A wise friend keeps telling me that the best way to validate a data vault model is to recreate the source as a test. Recently I had the opportunity to test out how to do this in Snowflake as the entire data pipeline is written with snowflake stored procedures and orchestrated with tasks (this was for a Proof of Concept and I would always advocate for an automation tool to build out any data vault). In Snowflake, comparing two files, even large ones, is really simple. Here’s how I went about it.
The source file was staged in an internal stage. Stored procedures and tasks were then used to migrate it through to the raw vault data structures. Once the data populated those structures, views were created that mimicked the original source file’s structure and content.
From here, I used a specific file format that created the file in a tsv with .txt extension and then used the COPY INTO to dump the data as a file into an internal stage.
create or replace file format member_roster_extract type = csv field_delimiter = '|' field_optionally_enclosed_by = None file_extension = 'txt' EMPTY_FIELD_AS_NULL = FALSE null_if= ('') compression = 'gzip';
COPY INTO @int_file_delivery FROM ( SELECT FIRST_NAME, LAST_NAME, ADDRESS_1, ADDRESS_2, CITY, STATE, ZIP, BIRTHDAY FROM MEMBER_ROSTER) FILE_FORMAT = (FORMAT_NAME =’member_roster_extract’) header=true single = true
Then I wrote a query that joined the views from both stages (where the source file resided and where the output file resided) to compare the contents of both. Any lines that do not match will show up in this query.
The $1, $2, $3 are the fields from the file that you want to use in the concatenation for the compare; this allows you to pick the order of the fields and which ones you want to use. I chose to do the concat so I could easily see all the fields in the rows that didn’t match to help with troubleshooting.

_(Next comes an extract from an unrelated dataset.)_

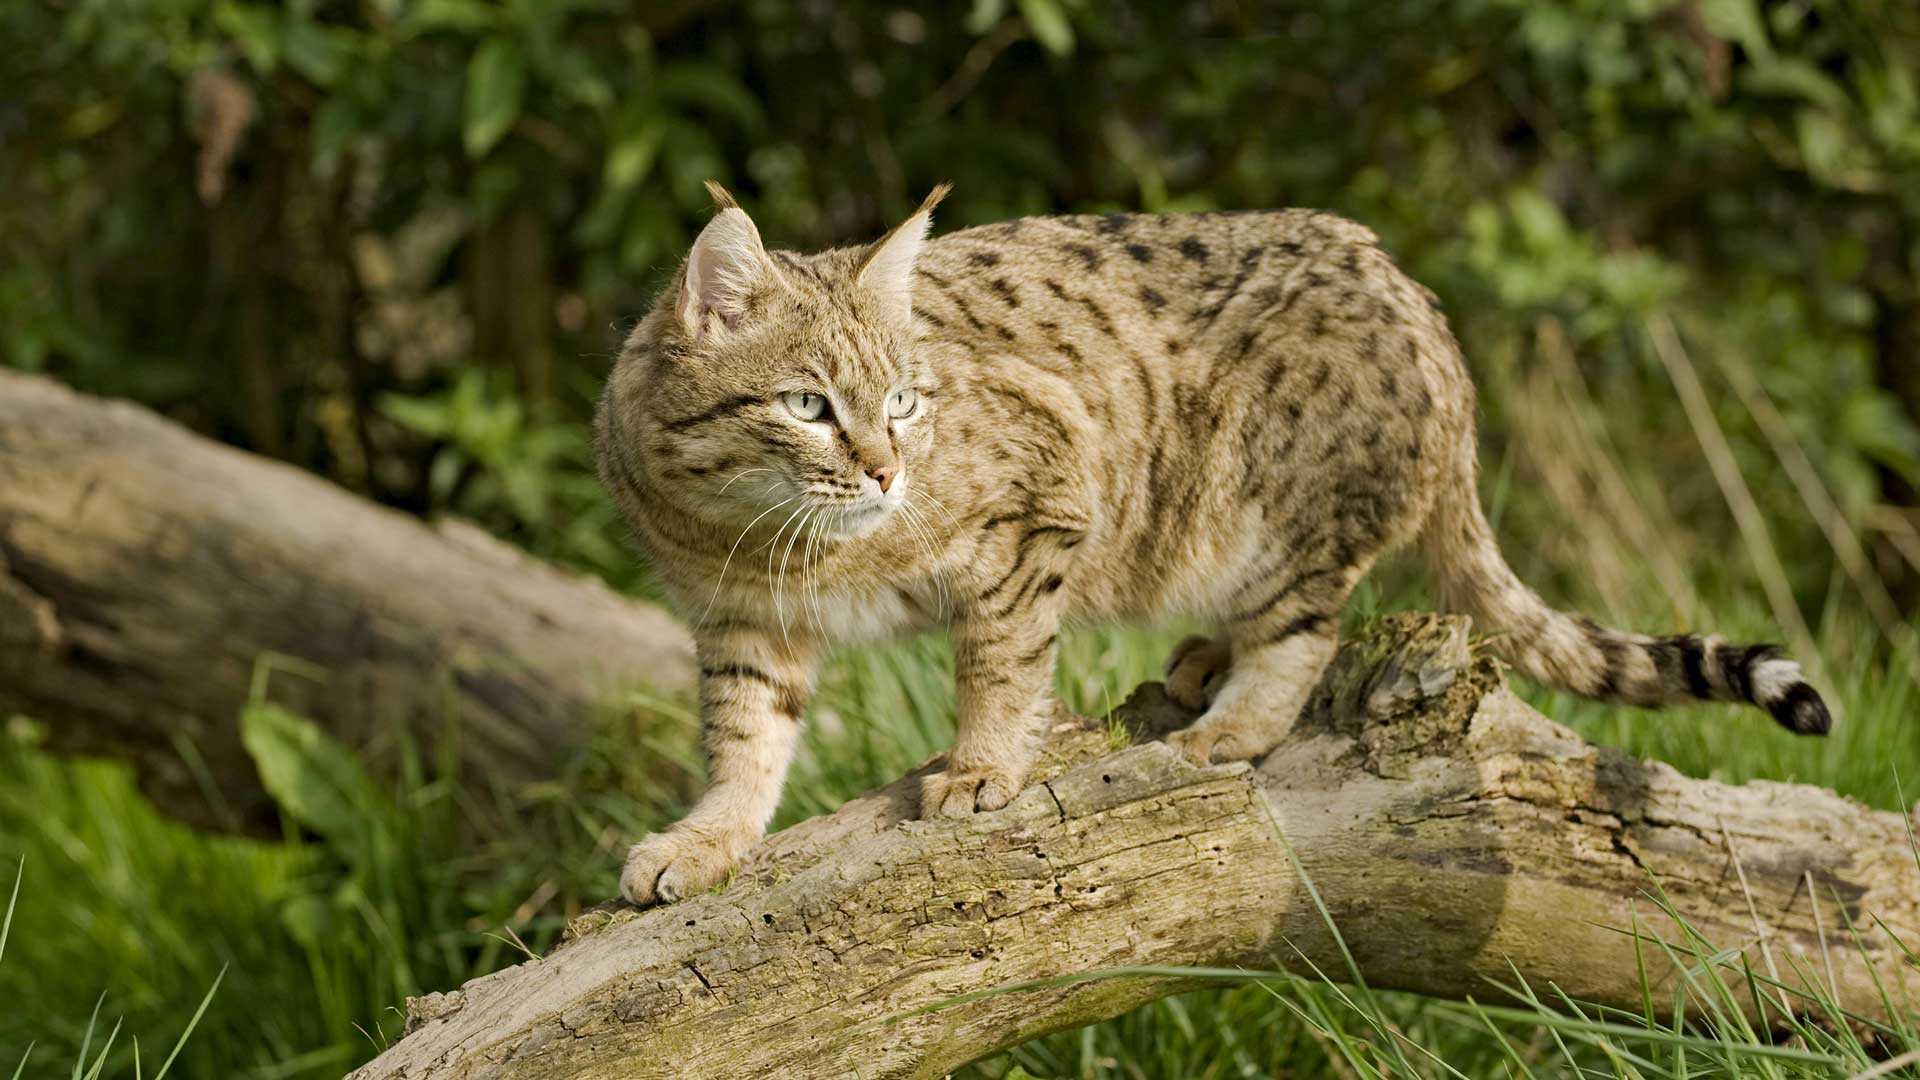 Asiatische Steppenkatze, die letzte der drei Arten von Wildkatzen

with import_file as ( select $1::VARCHAR || ‘|’ || $2::VARCHAR || ‘|’ || $3::VARCHAR || ‘|’ || $4::VARCHAR || ‘|’ || $5::VARCHAR || ‘|’ || $6::VARCHAR || ‘|’ || $7::VARCHAR as concat_row from @int_file_import/member_roster_202212.txt.gz (file_format =>’member_roster_tsv') ), export_file as ( select $1::VARCHAR || ‘|’ || $2::VARCHAR || ‘|’ || $3::VARCHAR || ‘|’ || $4::VARCHAR || ‘|’ || $5::VARCHAR || ‘|’ || $6::VARCHAR || ‘|’ || $7::VARCHAR as concat_row from @int_file_export/member_roster_202212.txt.gz (file_format =>’member_roster_tsv') ) select e.concat_row, o.concat_row from extract_file e FULL JOIN original_file o on o.concat_row = e.concat_row where e.concat_row is null or o.concat_row is null;
What I love about this is that you might not care about the order of the columns or the order of the data in the file (sort order) or maybe you have one field you aren’t actually bringing through because it’s not relevant BUT you can actually still generate the file in whatever column or sort order you want and STILL be able to compare quickly.